I have a pd.dataFrame with about 10.000 rows, each containing a text for which I have to sum up all occurences of words, contained in a lexicon (the lexicon also has about 10k entries).
I have written code that works, but takes quite a long time on my hardware (around 6-8 Minutes) and I strongly suspect that there is a better way to do what I want to do.
The main culprit is the count_sentiments() Function:
def prepare_data(data:pd.DataFrame, lexicon:pd.DataFrame):
"""Calculate the needed features and write them to the provided dataframe"""
# Filter the lexicon to create two lists of words
positiveWords = lexicon[lexicon['sentiment'] > 0]['term'].astype(str).tolist()
negativeWords = lexicon[lexicon['sentiment'] < 0]['term'].astype(str).tolist()

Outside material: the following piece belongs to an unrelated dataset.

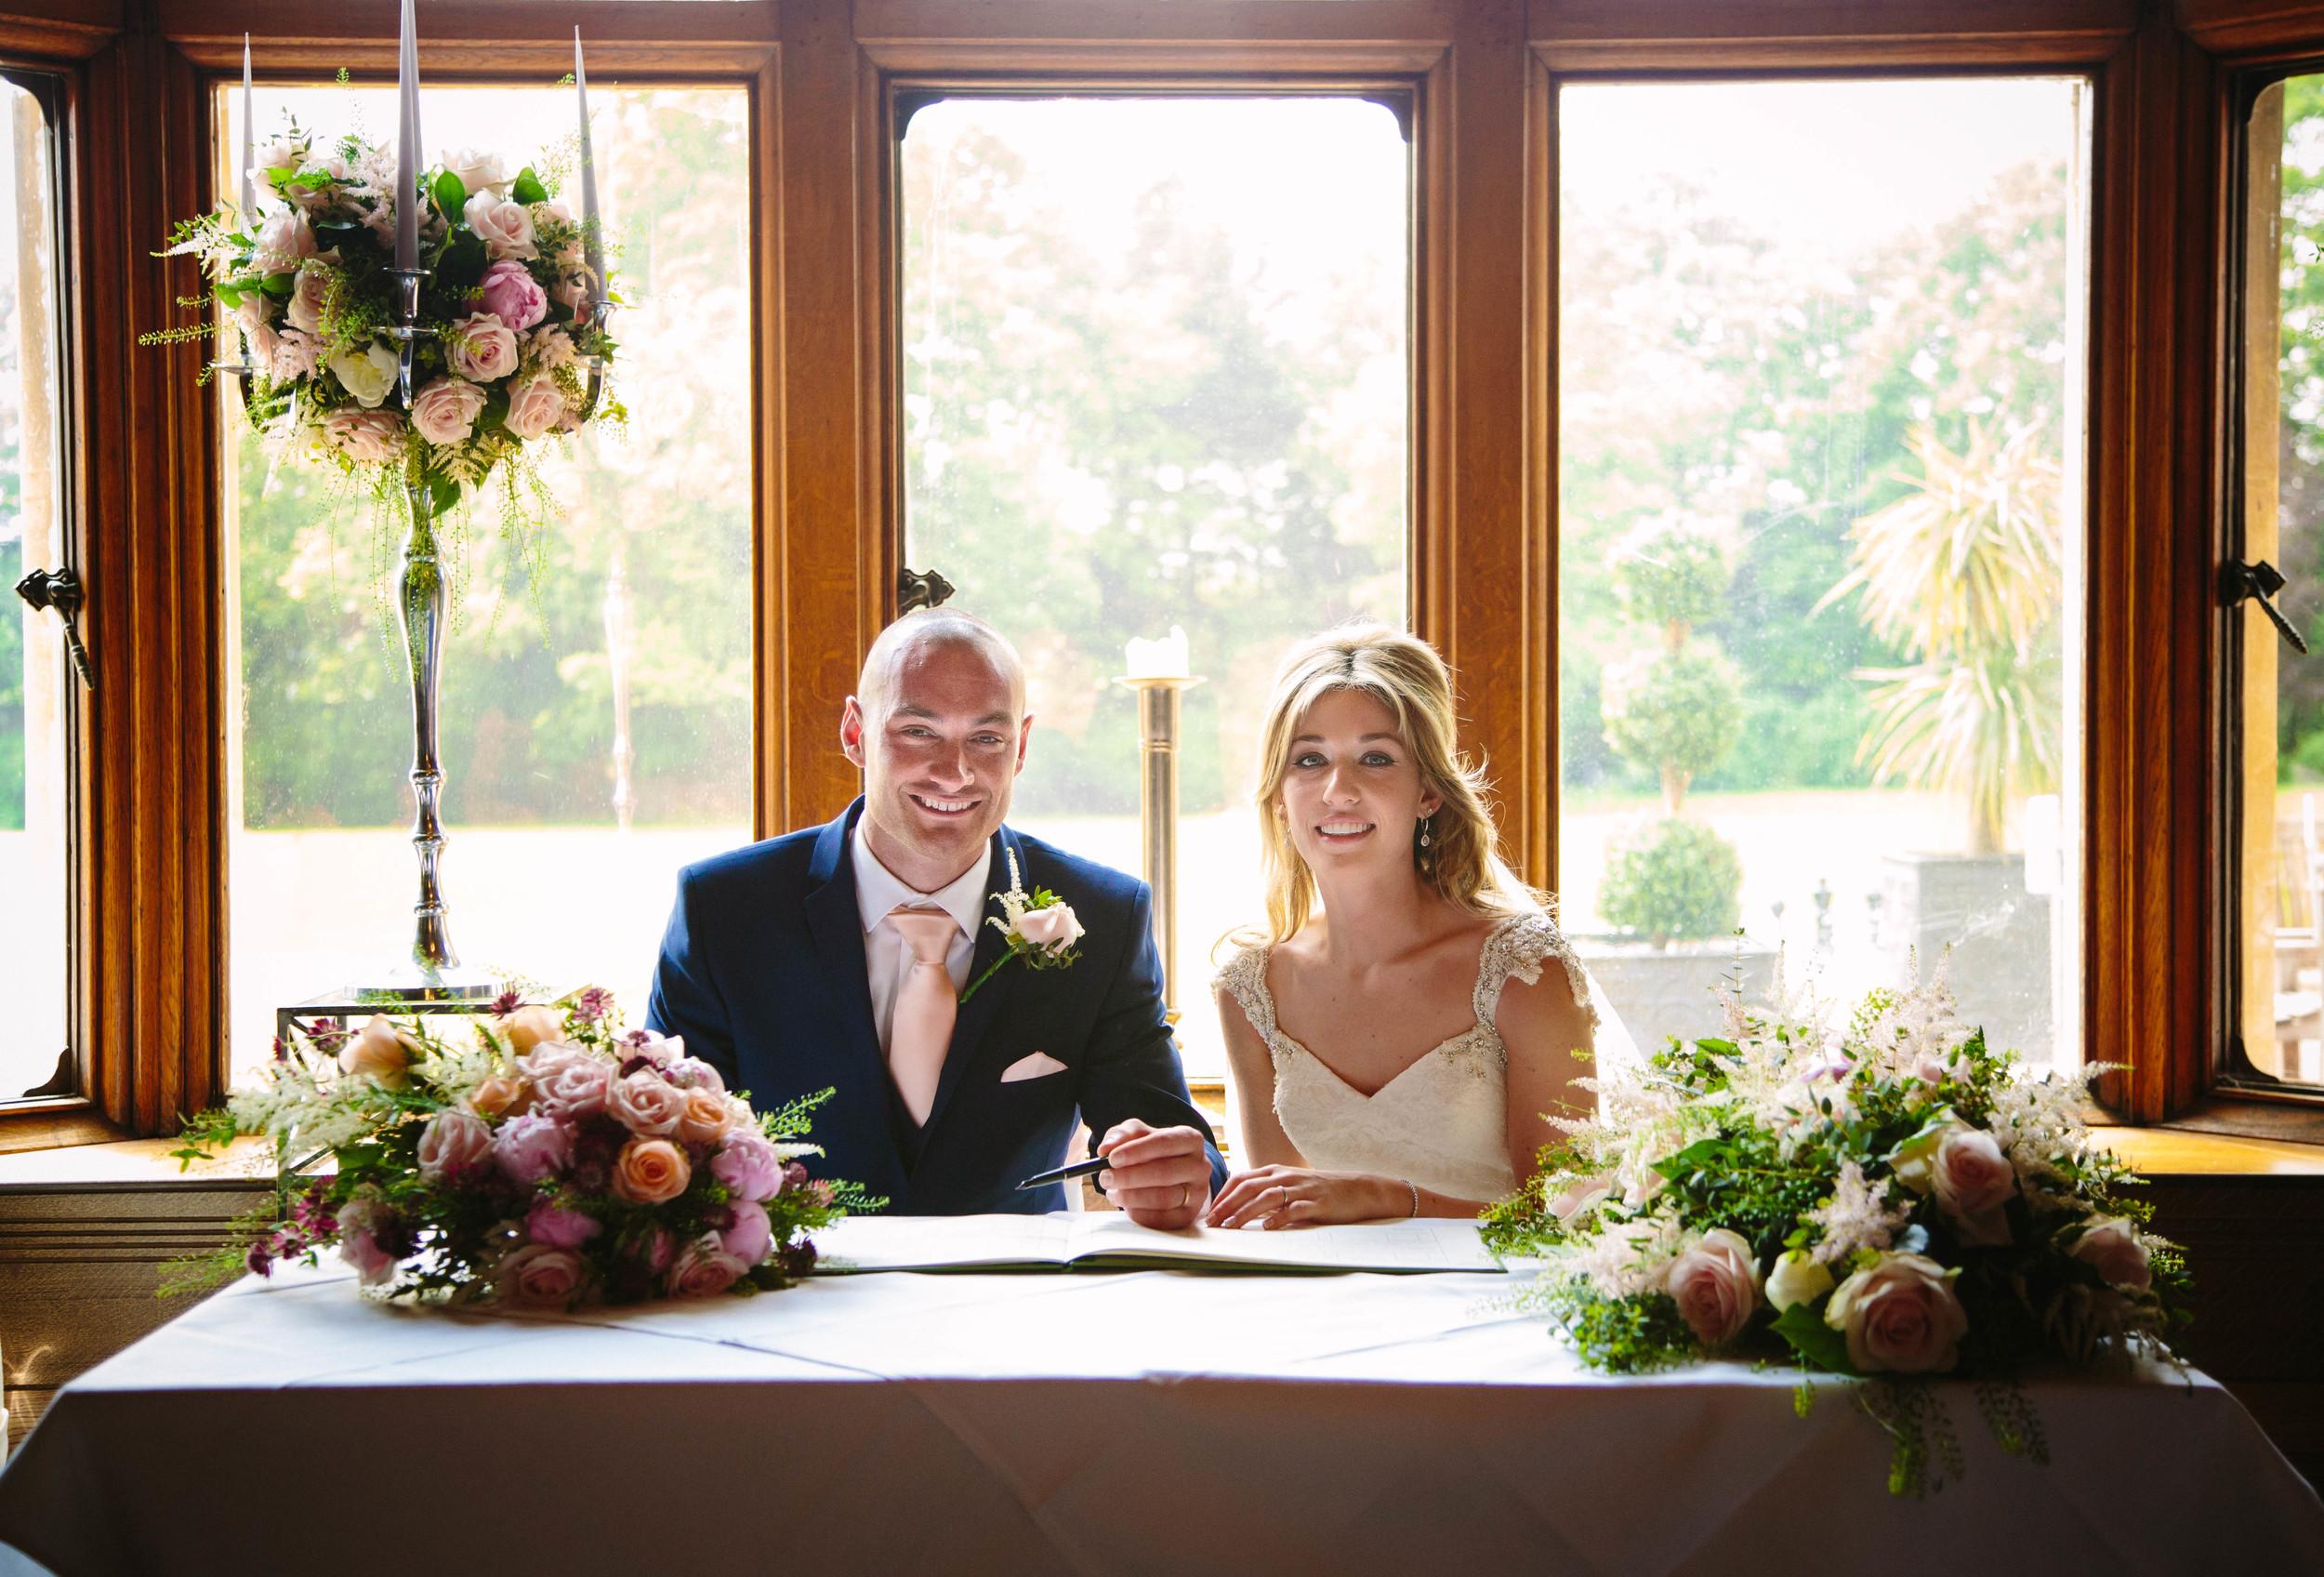 Woodlands-Park-Hotel-Cobham-Surrey-wedding-18

# Create columns for our features 'pos_count', 'neg_count', 'contains_no', 'pron_count', 'contains_exclam', 'token_log'
# The values get calculated by the applied function
# apply() maps a function to all the members of the vector (the pd.Series object)

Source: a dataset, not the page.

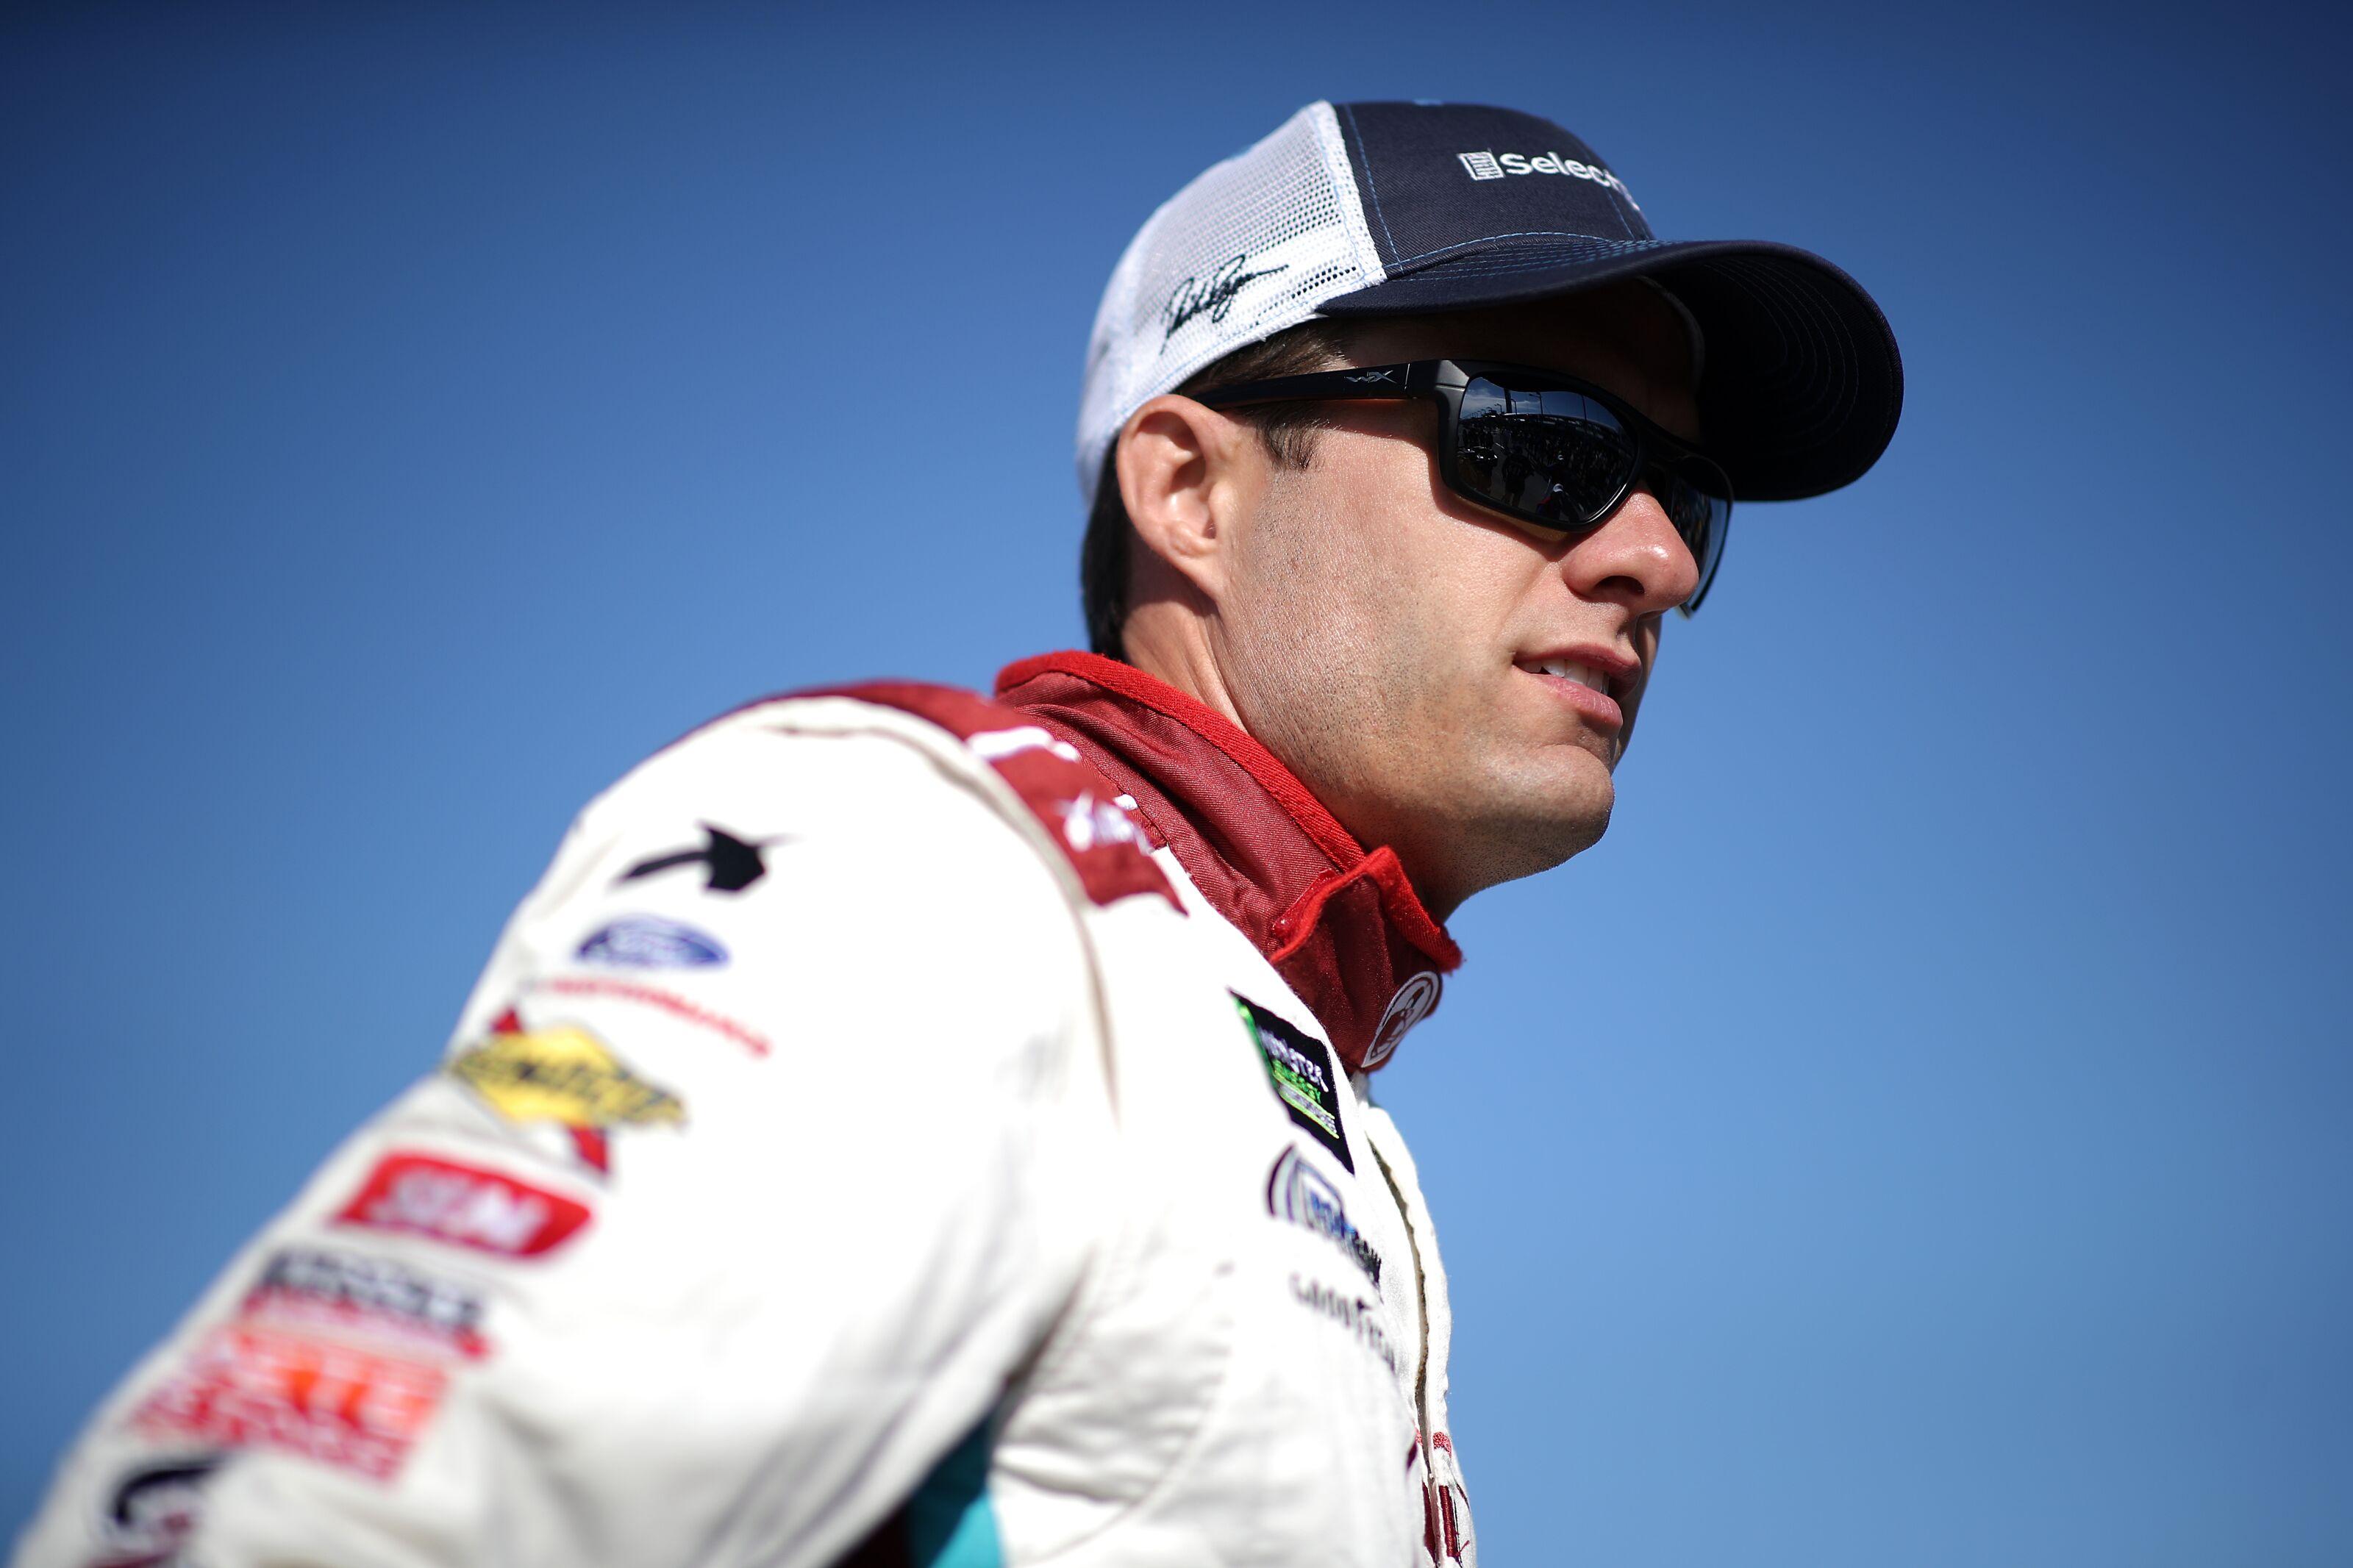 NASCAR: The low-key significance of David Ragan's Daytona 500 deal

# This takes around 2-3 Minutes on my hardware
data['pos_count'] = data['review'].apply(count_sentiments, args=(positiveWords,))

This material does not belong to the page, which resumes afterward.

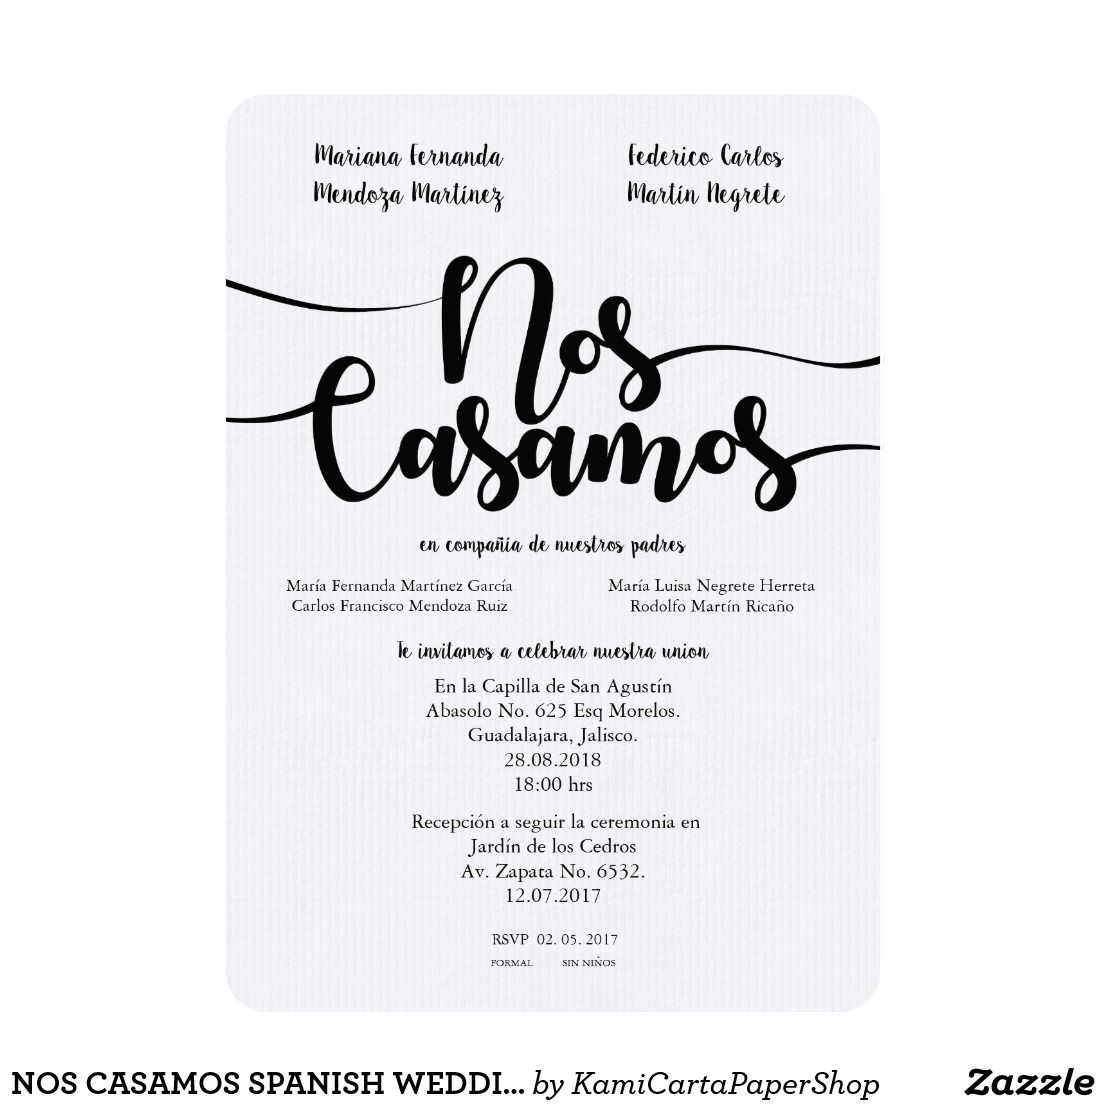 Wedding Invitations Spanish Wording: NOS CASAMOS SPANISH WEDDIN INVITATION

# This takes around 4-5 Minutes on my hardware
data['neg_count'] = data['review'].apply(count_sentiments, args=(negativeWords,))
return data
def count_sentiments(document, words):
"""Counts all positive/negative sentiment word occurences in the document"""
sentimentSum = len(re.findall(r'\b(?:' + '|'.join(words) + r')\b', document))
return sentimentSum
Any ideas will be appreciated, thanks in advance!